So it's a new year....what better way to start off than.... SHOOTING A SET TONIGHT! Yes, that is correct, yours truely is FINALLY getting around to shooting my very first set. I'm so nervous/excited/anxious/hyper....you get the point. I also quit smoking for my new years resolution. Three days in and still going strong! oh oh oh, AND I gave blood today.... YAY ME!!!!! Im not quite sure what is going to happen tonight but I'll be sure to keep everyone informed!
I. need. my. own. place. I'm tired of sharing a house with my grandparents, my two brothers and my mom. I simply cannot take it anymore. Jesus Christ. Cassy, you are 21 years old, GET YOUR SHIT TOGETHER!!! I can't keep using the excuse that I am a single mom. I have been a single mom for 4 years living under my grandparents roof...That is plenty of time to get my own place and support myself. I mean, it's not like I'm even waitressing anymore. That wasn't even that bad of a job. Now I'm working in car sales making decent money. Not having child support kinda sucks, but I'm sure there have been hundreds before me who have been in my situation and have done well for themselves. The walls in this house are so thin, and they seem to be getting thinner every day. I not only have my own burdens, but I have to share those of my alcoholic mother. Not to mention my grandparents prolly aren't too thrilled about us living with them in what was supposed to be their retirement home. I feel like a constant burden, but I also feel like I'm trapped. My mom lost her license a year ago cause she got into a wreck involving alcohol. She has been in and out of jail and house arrest. Now I have to haul my son with me at 6:00 in the morning to take her to work, come home, get ready so I can go to work myself, get my son ready for daycare, drop him off at day care, go to work and then skip my lunch every day so I can pick up my mom and son and take them back home then back to work I go. Did I mention that I am the only person in a house of 7 that drives? Yeah. It makes me feel a little obligated to stay here and not get my own place. There. I just answered my own question. That is why I don't move out. God, is it just me, or does my life sound more and more like a Lifetime movie every fucking day? All I wanted tonight was to go out and sing some fucking karaoke. Is that asking too much? apparently. My son is far too big of a burden on this house for me to take one night out. I just want to sing karaoke. DAMN IT!!! FUCK FUCK FUCK!!!!!!!!!!! I HATE THIS!!!!!!!!!

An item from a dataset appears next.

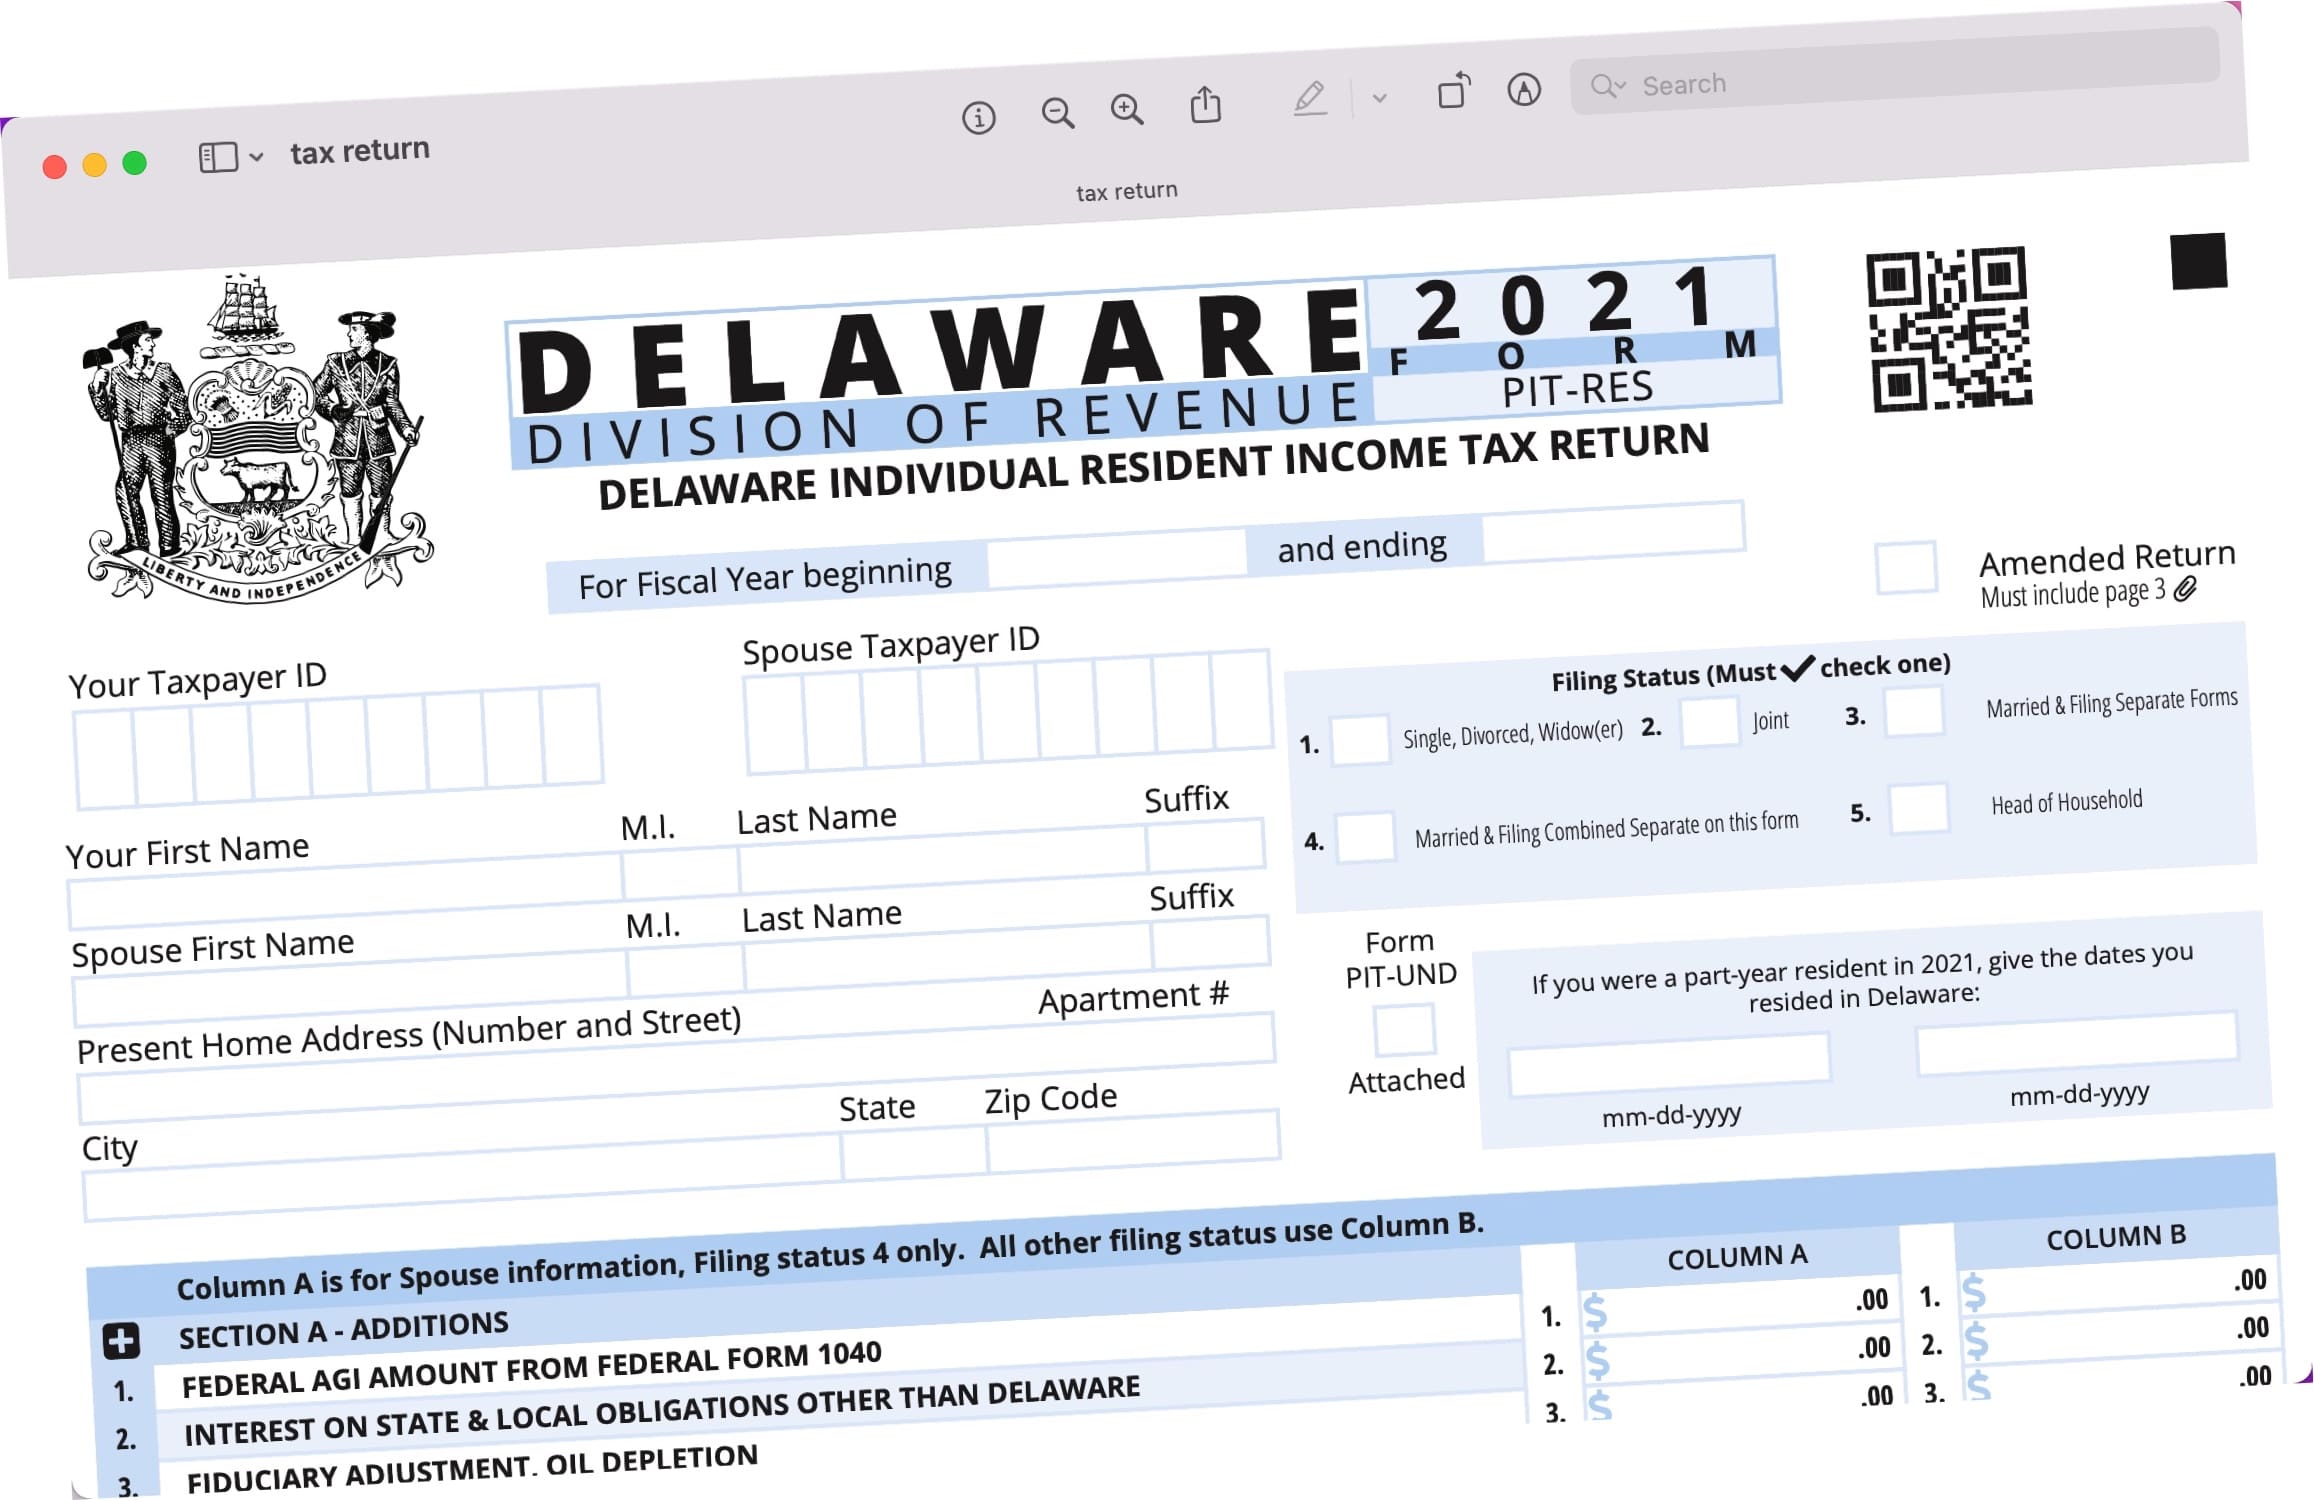 Featured image for “Del. tax booklets delayed in delivery to libraries”

I know nobody here has had the chance to hear me sing but I would greatly appreciate it if you would go to www.mds-sc.org/cantonidol.htm and vote for me! I am a semi finalist and every vote counts! Basically, Canton Idol is a home spun version of American Idol...there will be videos up shortly of all of the contestants singing, so I will keep you updated. Thanks for all of your help guys!
Ha ha, oh yeah BTW, my name is Cassandra Lewis. Should I have put my real name? Oh well.
Soooo I tried to put in some 7/16 gauges last night...OUCH! I knew I shoulda waited till I got in the shower..It's always easier that way.... Anywho, Im looking to shoot before the end of January now....delays suck.... I hope all of you out there in naked lady land have a merry christmahaunakwanzaka!!! I love you all!
Oh yeah....BTW, I saw Zombie and In This Moment in Cleveland Thursday...AMAZING!!!! OH MY FUCKING GOD IT WAS AMAZING. Ozzy cancelled but whatever. I wouldnt want to see him wandering around on stage trying to sing anyways. I would be dissapointed.
Okay, so this is the first time I have heard of it, but apparently a lot of hotel chains including Motel 6 are going to replace the Gidgon Bible with *ahem* "intimacy kits". I think this....is....AWESOME! Thank you! people are 100x more likely to make use of the kits than to sit down and thumb through psalms. Really, who goes to a motel, checks in, sits down on the bed, looks at the freshly tucked linens and says..."wow, were all alone in this room.....how about some......BIBLE READING!!!!" ?????? I know I do....*rolls eyes* So bye bye bibles! The only thing I'm wondering is what are we gonna do when we run out of papers?
Soooooo I officially got kicked off of here today at work. I think someone said they saw a nipple or something? Funny shit. *Sigh* So Im gonna be shooting a set this week with a local photographer... I took a look at his portfolio and it looked a little shadowy and I know how much everyone around here looooves shadowy photosets.........so Im a little apprehensive. Other than the fact that it is shadowy, it's pretty high quality stuff. Most of his work consists of fetish shots...I wonder how that will work out. So Ill work with him on the lighting and well see what we can do! Ive never been in front of a camera completely naked sooooo.....I got the first shoot butterflies....ha ha.....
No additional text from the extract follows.